Holland

Europe

Home Country

 I was born and raised in a small village 40 km from Amsterdam. I was raised in an extremely loving , supportive “artsy”, intellectual and open minded family. I could’nt wish for better parents. They made me believe in myself and supported me in everything I really wanted. 

When I started my education in Belgium, I also started to coach people and their horses. The people that came to me for help were mostly having problems riding or working with their horses. They were looking for different ways to solve them. The “normal” way did’nt work, or even made their problem worse.

Besides the dressage and groundwork lessons, the majority of the horses I worked with are trauma or rehabilitation cases.

This made me gather a network of people around me that helped me and the horses I worked with.  I believe that in order to help our horses the best we can we need to work together and support the horses’ needs from all  levels.

 

Anne van Diemen

Founder

traininG

Starting young horses in handling and riding

I really enjoy starting young horses under saddle. I work mostly, whenever it feels right, at liberty, so the horse is free to leave when it doesn’t feel safe. I start horses bitless and in a bareback pad and whenever I feel they are ready, I will introduce them to a bit and saddle. The start of the horse’s riding career has to be a happy and relaxed experience all the way through. And we only expose them to new things when they are ready and feel safe.

 

 

coaching

Classical dressage & behavior training

Most of my days were filled being on the road to clients, coaching, training horses, analyzing behaviour, organise training plans and doing assesments.  It was an exciting time in my life, buzzing from energy and feeling  strong in my passion. I met amazing people that put their trust in me . I rode at beautiful stables like “t Balingehof and Moravita Classical breeding and training centre. In these places my love for the Baroque horses grows.  

I taught and trained horses from South holland to North of Holland, I also worked in Hospitality, wich is my other passion and I was still studying to become a school teacher and at the International School for Professional Horsemanship. 

 

 

VULNERABILITY

Rock Bottom

 As you can Imagine I was very busy and at the same time I was in a difficult relationship,
it became one of the hardest years of my life.

I really had the intention to grow my business, but I was also focused on so many other levels.
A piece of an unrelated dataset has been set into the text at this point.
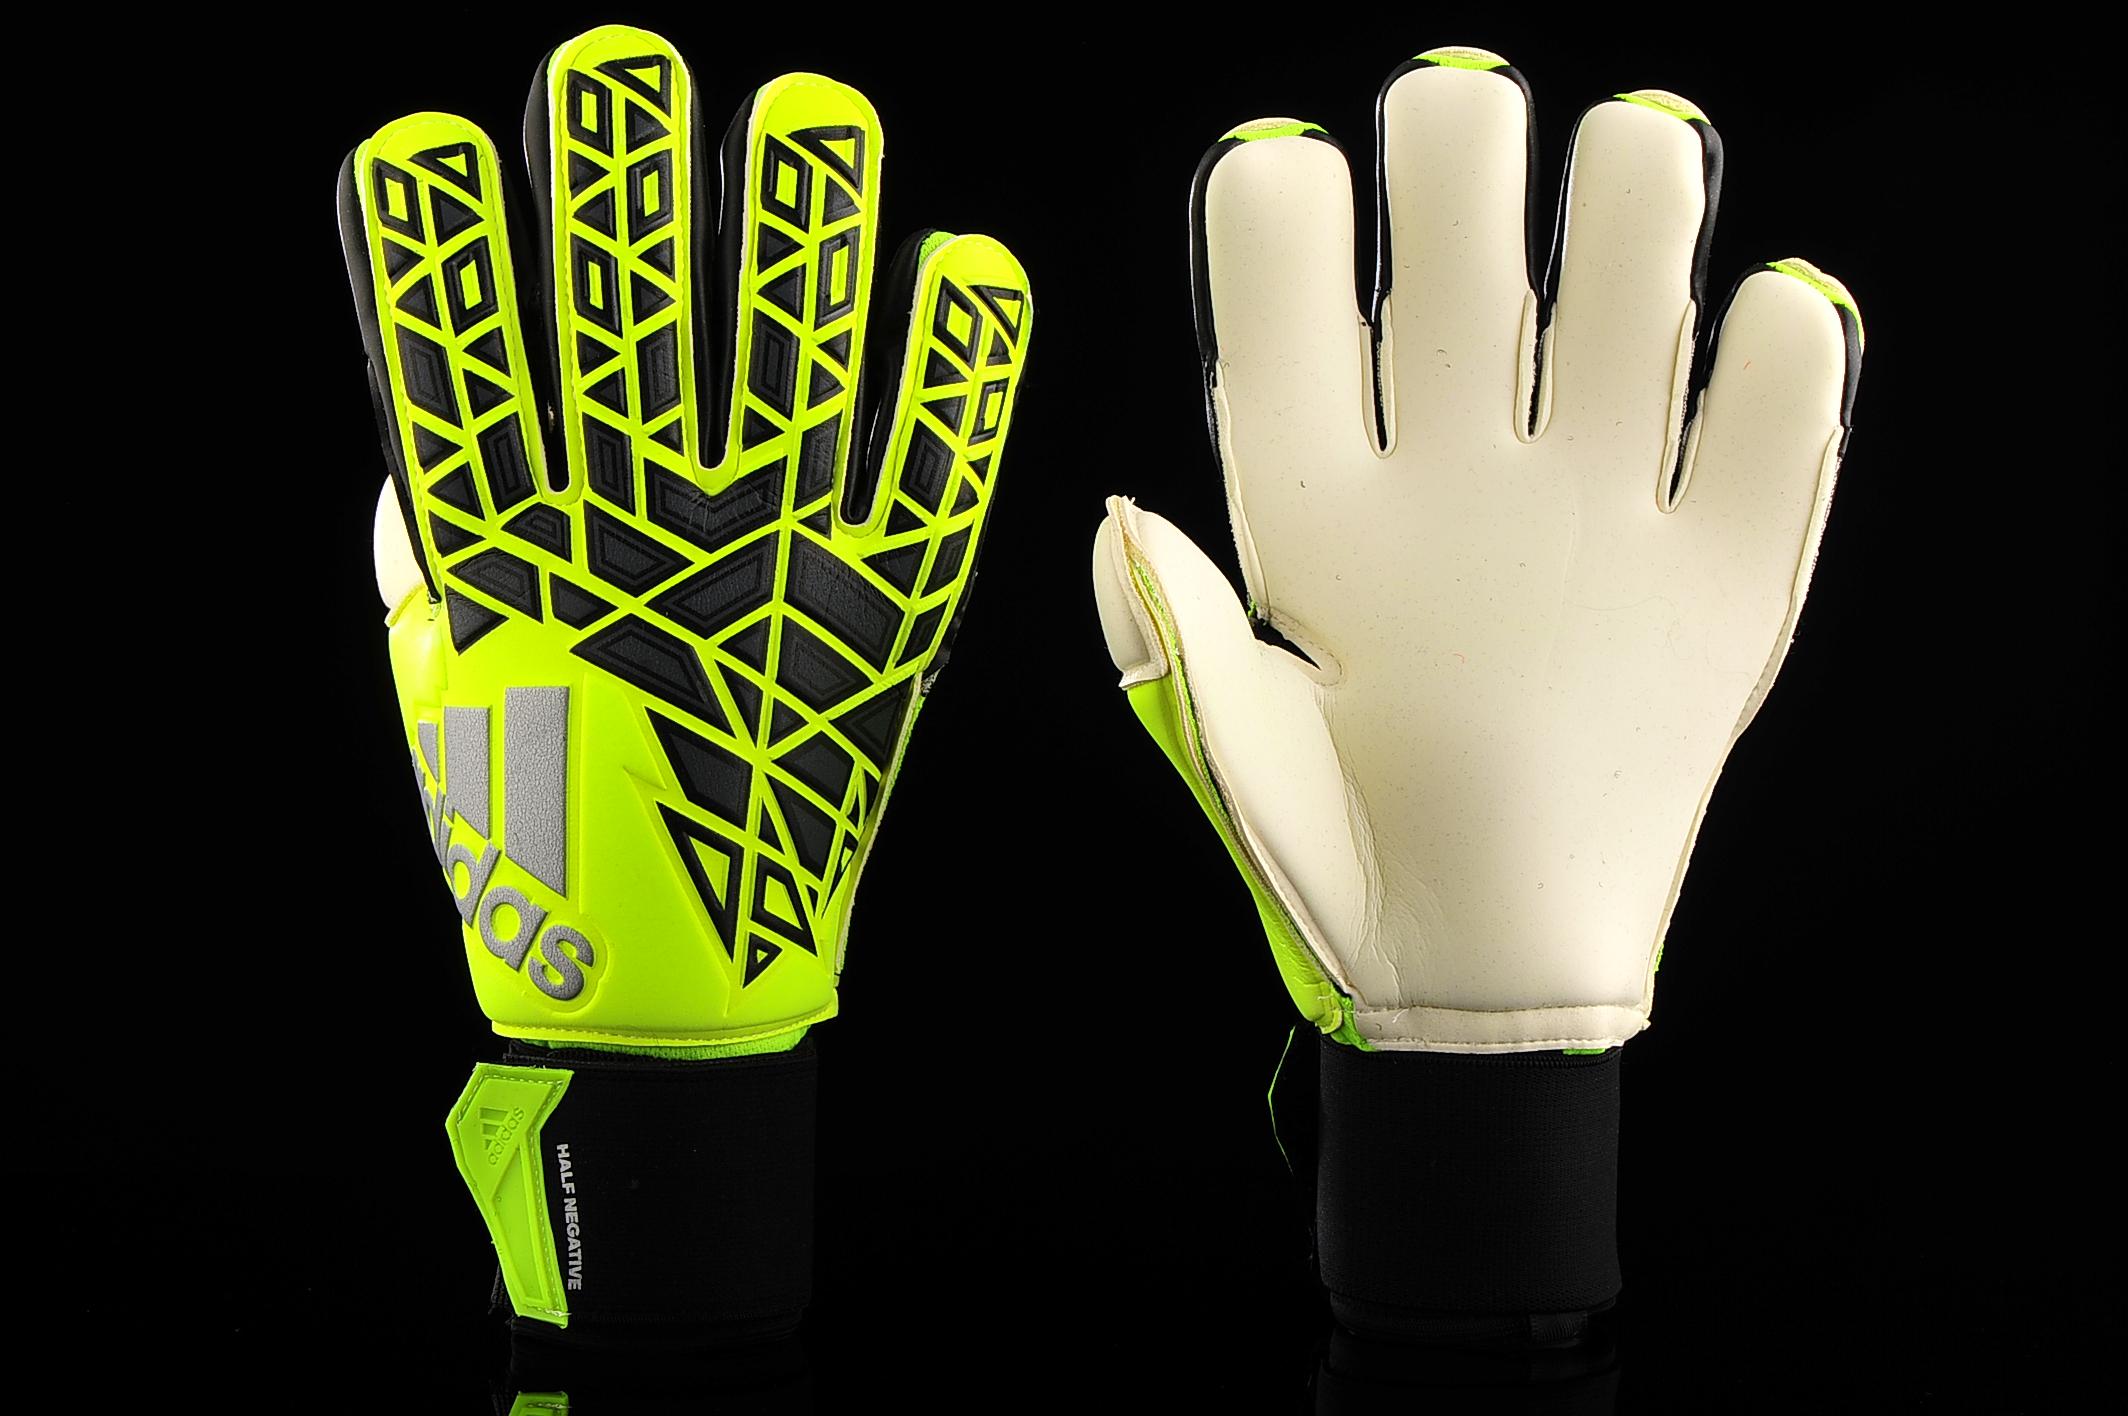 Hacia atrás Talla cola  Goalkeeper Gloves adidas Ace Half Negative AP6997   R-GOL.com - Football  boots & equipment

Working with traumatized or dangerous horses requires a certain focus to stay safe. . The culmination of all the things going on in my life, being a highly sensitive person and working through my own insecurities and trauma led me to the dark side of an addiction which crashed me into burnout followed by cold-turkey rehab. It took my whole 21st year of life to recover and put my life back together.

 

I’m sharing this story, because it might seem that I have the perfect life. I have come very far and worked through a lot to become the person that I am today.

 

Courage

 

Manifesting your dreams

 

Manifesting your dreams, is something that requires courage. Many people told me I wasn’t good enough, I would never make it in the equestrian business. This triggered me to work harder, go that extra mile. I am very dedicated. I don’t like givin up, wich is both a blessing and a curse. After recovering I slowly returned to work, but I knew something has to change. My therapist said to me  “anne, you are not your work”. I was really angry, because at work is the only place I felt that I was being myself. With the horses my mind was calm and I knew what to do. 

 

However I accepted this as a challenge and decide to go to Curacao (a small island in the Caribbean) and not work with horses for 3 months to see how I would feel and what I would discover about myself.

 

I discovered my love for other cultures, lifestyles and the way i live my life forever changed. I realized I was no longer happy in the situation I was in, and after a much unexpected death of one of my horses, I decide to completely change my life. I left Holland.